Парад на площади еще продолжался, когда ко мне, стоявшему в первом ряду толпы, подошел гайдамак. Я был в студенческой фуражке и в форменном студенческом пальто с золотыми пуговицами. Внимательно меня оглядев, он перевел взгляд на стоявшего рядом со мной моего соседа по дому, скромного продавца одного из магазинов, в потертой куртке. И, взяв его за плечо, отвел куда-то в сторону. Возвращаясь после парада домой, я увидел, как вели по мостовой большую группу людей, окруженную конвоем с ружьями наперевес, и услышал, как прохожие говорили: «Ведут коммунистов…» Я понял, что моего соседа ждет незавидная судьба. Домой он больше не вернулся.
Уход большевиков из Киева и возвращение петлюровцев оказались началом более чем двухлетней непрерывной смены властей в многострадальном городе, первым оборотом драматической и далеко не бескровной карусели переворотов и, как острили киевляне, «недоворотов». Киевляне подсчитали, что смена властей в столице Украины произошла ровно двенадцать раз. Неоднократно чередовались большевики, деникинцы, петлюровцы. Надо ли повторять, что эта жуткая «карусель» сопровождалась уличными боями, разрушениями и кровавыми расправами. Не забуду, как после ухода из Киева отряда Муравьева мы с отцом с ужасом смотрели в помещении анатомического театра на бесчисленные трупы расстрелянных большевиками юнкеров, офицеров, «буржуев». Помню, с каким тяжелым сердцем хоронили мы группу школьников-старшеклассников, расстрелянных петлюровцами в предместье Киева Борщаговке. Помню, как в августе девятнадцатого года, после ухода советской власти и вступления в город деникинской армии генерала Бредова, я в числе других киевлян с ужасом смотрел на покрытые засохшей человеческой кровью и мозгами стены огромного каменного сарая во дворе ВУЧК (Всеукраинской чрезвычайной комиссии).
То были страшные времена. Но, должен засвидетельствовать, жизнь в Киеве продолжалась. Люди не перестали встречаться, смеяться, влюбляться, ревновать, вступать в браки, разводиться, петь песни, сочинять стихи, ходить в театры, одним словом, жить.
Между тем события следовали одно за другим непрекращающейся чередой. Несмотря на договор о дружбе и взаимопомощи, немцы проявили по отношению к Петлюре «черную неблагодарность»: не прошло и месяца, как он был отстранен от власти, Центральная Рада разогнана, куда-то исчезли гайдамаки и «сичовы стрильцы». Украинская народная республика была переименована в Украинскую державу, во главе которой немцами был поставлен генерал-лейтенант Павел Петрович Скоропадский в ранге «Гетмана всея Украины».
Гетманский период в Киеве заслуживает особого описания.

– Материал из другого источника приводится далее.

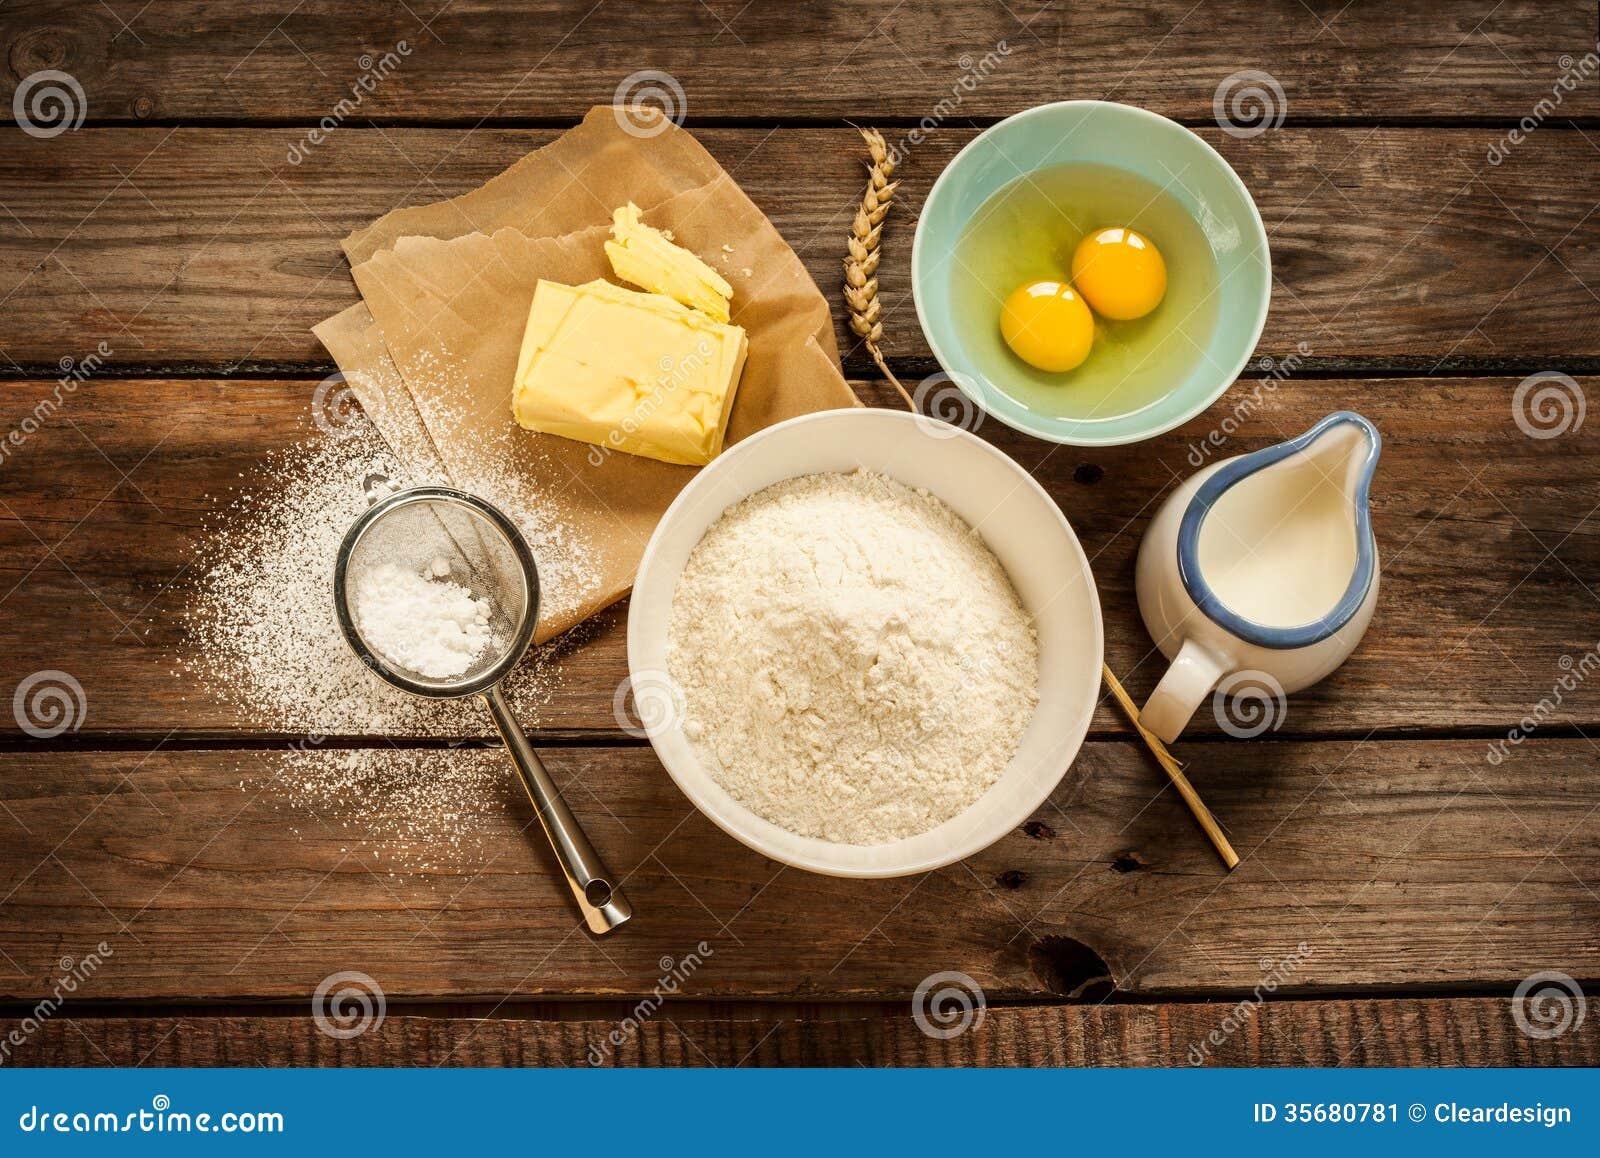 dough recipe ingredients on vintage rural wood kitchen table stock image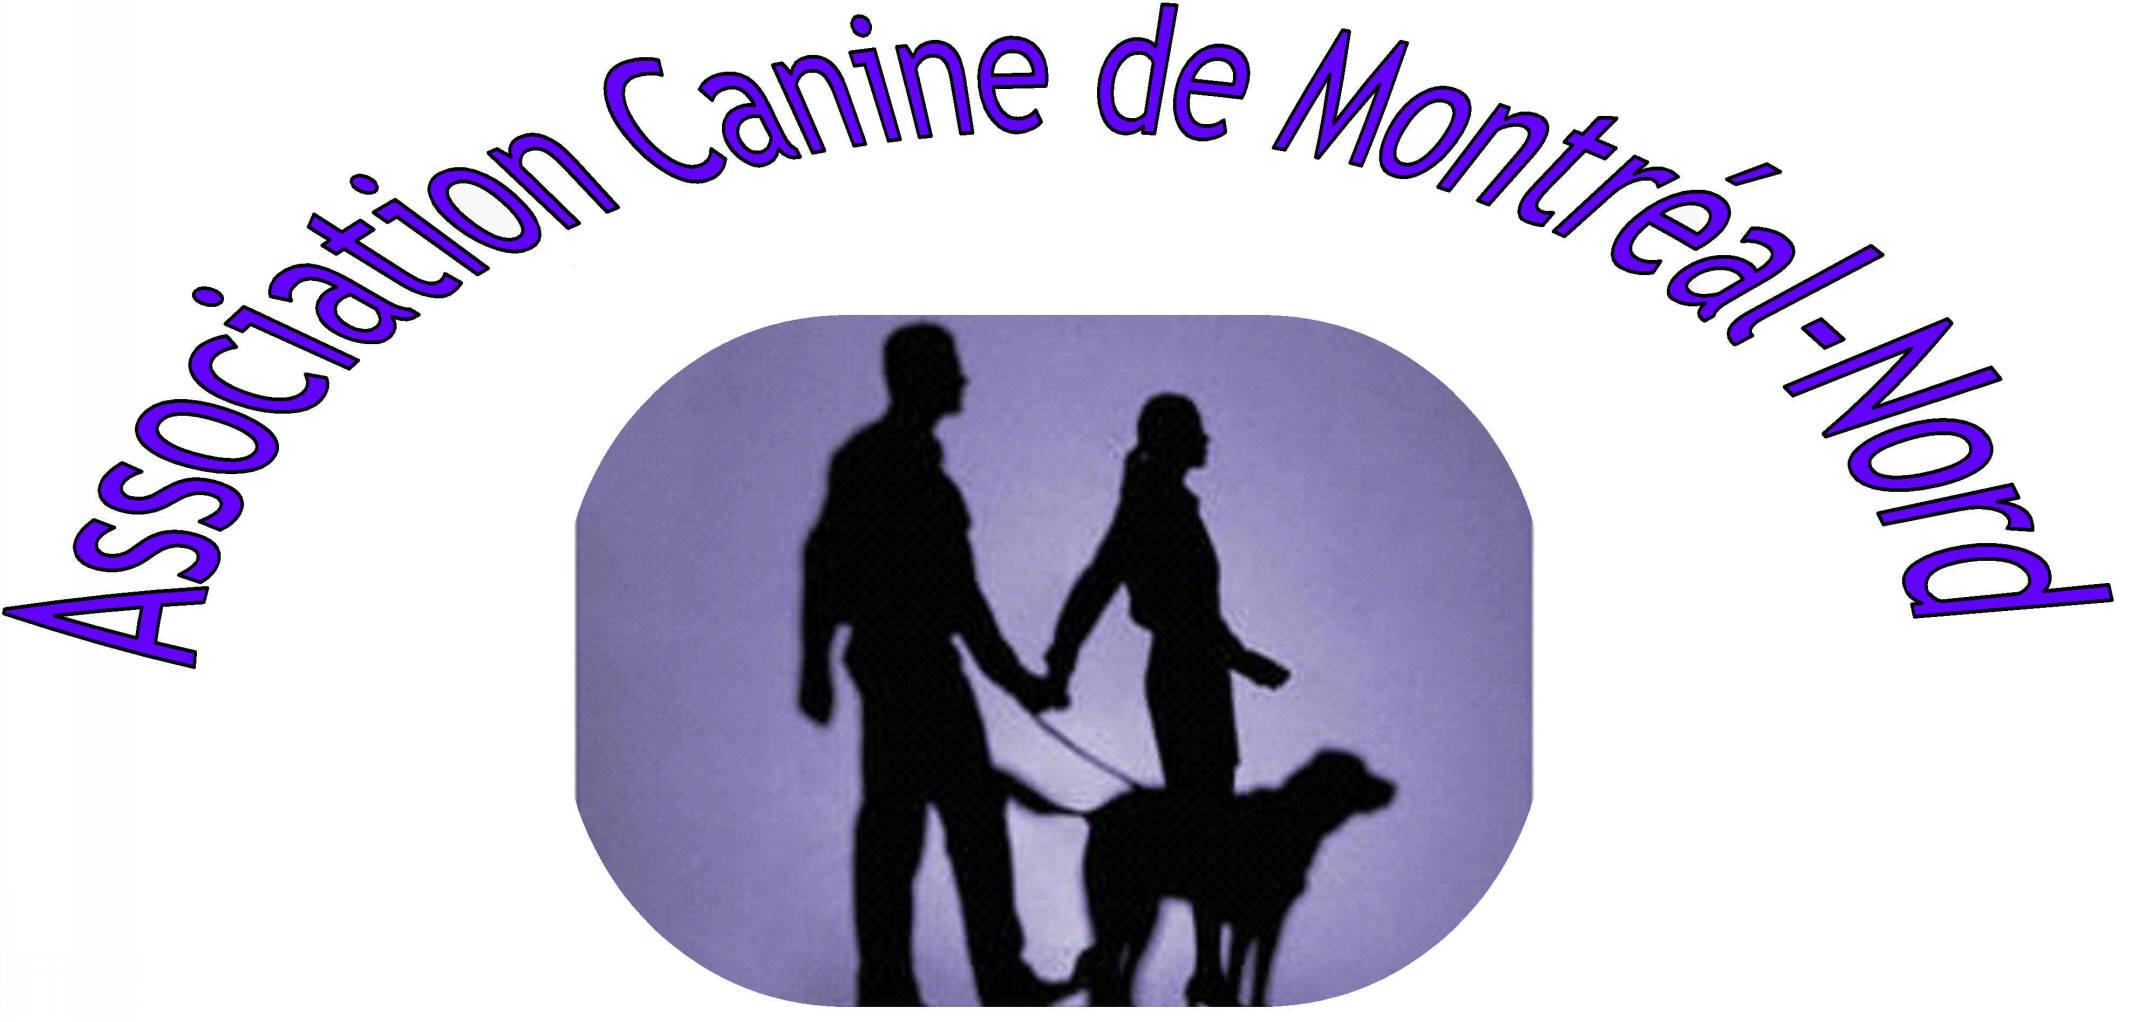 10c22a4611d File 127 http   www.canardscanins.ca.  assos montrealnord Logo1.jpg  3544731.75488KB

Как относилось население Киева к немецкой оккупации? С одной стороны, она не могла не ущемлять патриотические чувства у нас, российских граждан. С другой — стальная щетина германских штыков прочно охраняла нас от большевиков, которых все боялись, помня их жестокости в Киеве. Нельзя не сказать и то, что немцы той поры отнюдь не были заражены гитлеровским расизмом и мракобесием, их отношение к населению было вполне цивилизованным и культурным.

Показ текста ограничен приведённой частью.